Long story short it's an acceptable risk. Accidents are going to happen, people are going to die, the land and air will be poisoned, absolutely. That's the price of doing business and that's nothing new.
Exactly. As has been said many times already, it's pointless to demand that nuclear power, or anything else, must be absolutely 100% safe, because that's simply never going to happen. There's always going to be risk, some that can be foreseen and mitigated to some extent, some that we won't even think of until it happens, and some that we wouldn't be able to do anything about anyway.
What's important, as with pretty much all aspects of life, is the risk/benefit analysis. I think part of the problem with this is that most people don't seem to realise they actually do that all the time. Every time you cross the road, you're weighing up the benefit of being on the other side with the risk of getting run over. It's no different when it comes to electricity, just a different scale.
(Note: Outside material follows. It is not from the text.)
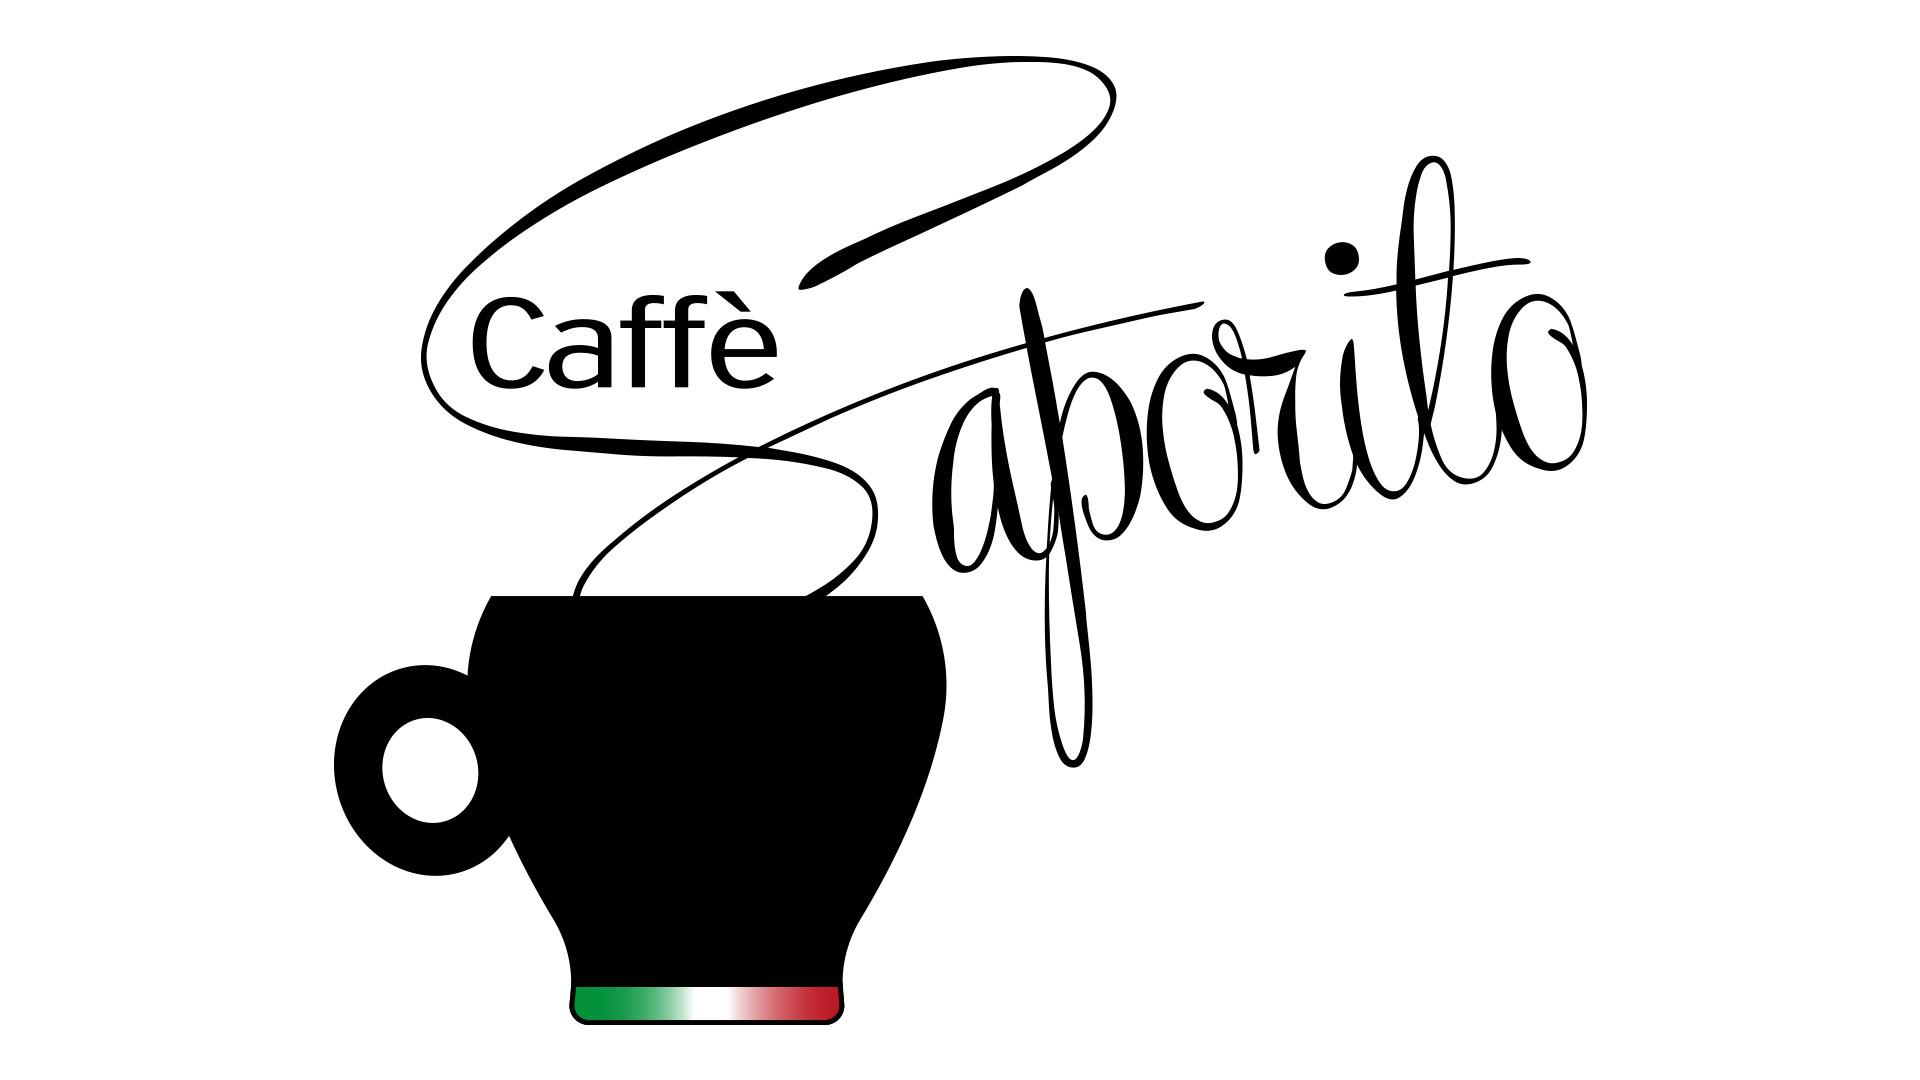 logo_caffe_Saporito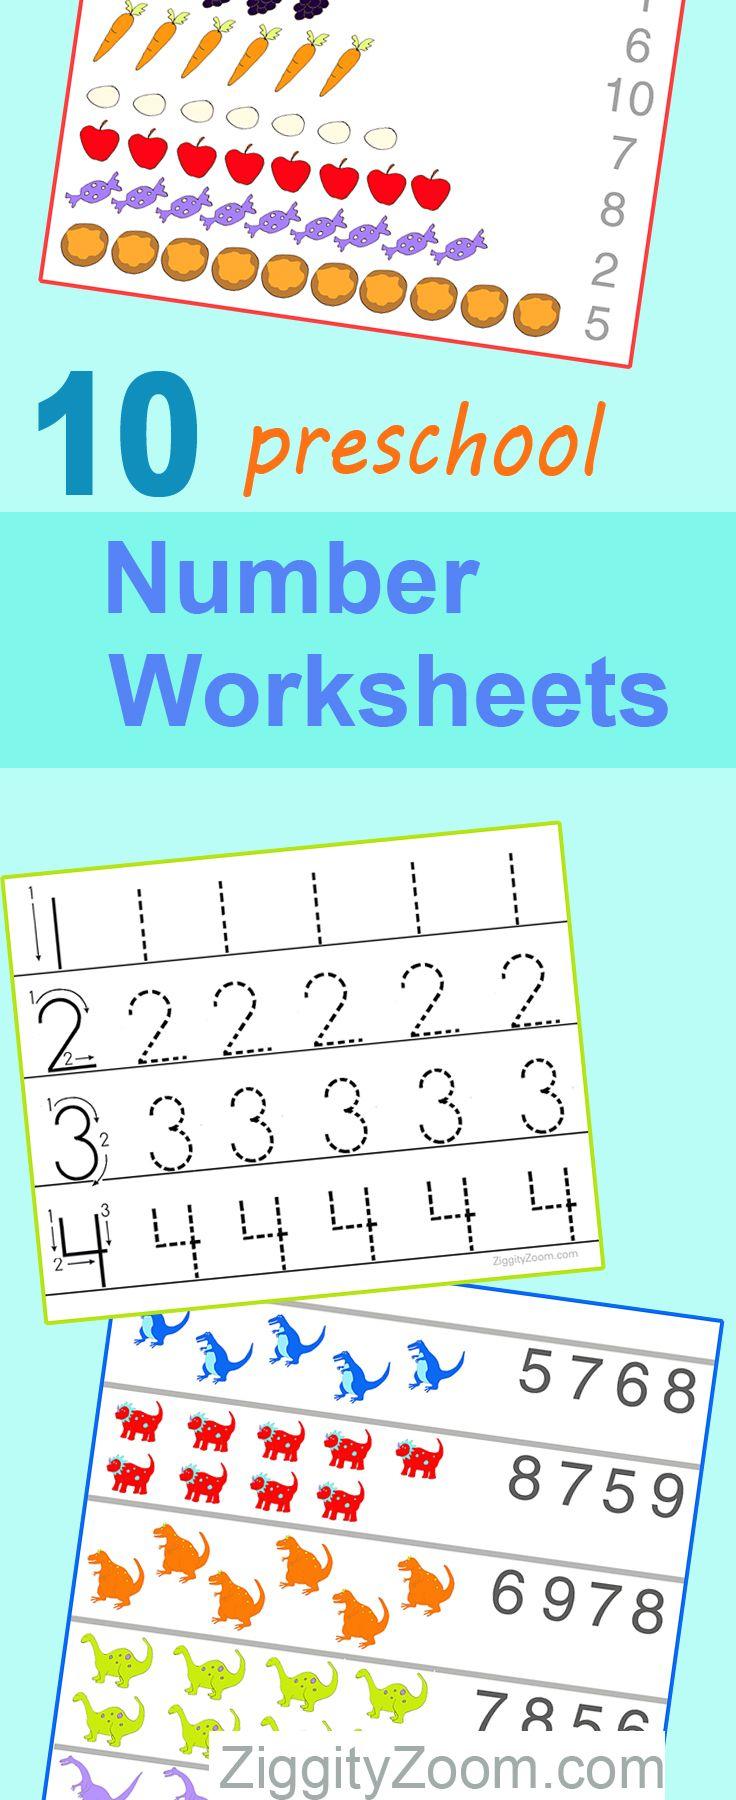 10 Preschool Math Worksheets Number Recognition Flashcards Tracing Preschool Math Worksheets Math Activities Preschool Preschool Math [ 1800 x 736 Pixel ]

Of course, another part of the problem is that people are absolutely terrible at actually assessing risks and probabilities. Which is particularly relevant for nuclear power since a large part of the controversy over it is due to the irrational fear many people seem to have of anything involving the words "nuclear" or "radiation".
In the end, all you can do is point to the facts. Nuclear power - in 50 years less than 100 dead, and a few thousand projected deaths at most, some economic cost, virtually no environmental cost (the Chernobyl area has actually been claimed to be healthier due to the lack of humans, although those claims have been disputed). Coal power - tens of thousands directly dead, far more by indirect routes, massive environmental cost including such fun as smog, acid rain, and
deadly clouds visible from space. Note that I don't even need to mention global warming, coal power would still suck even if global warming could be conclusively proven not to exist.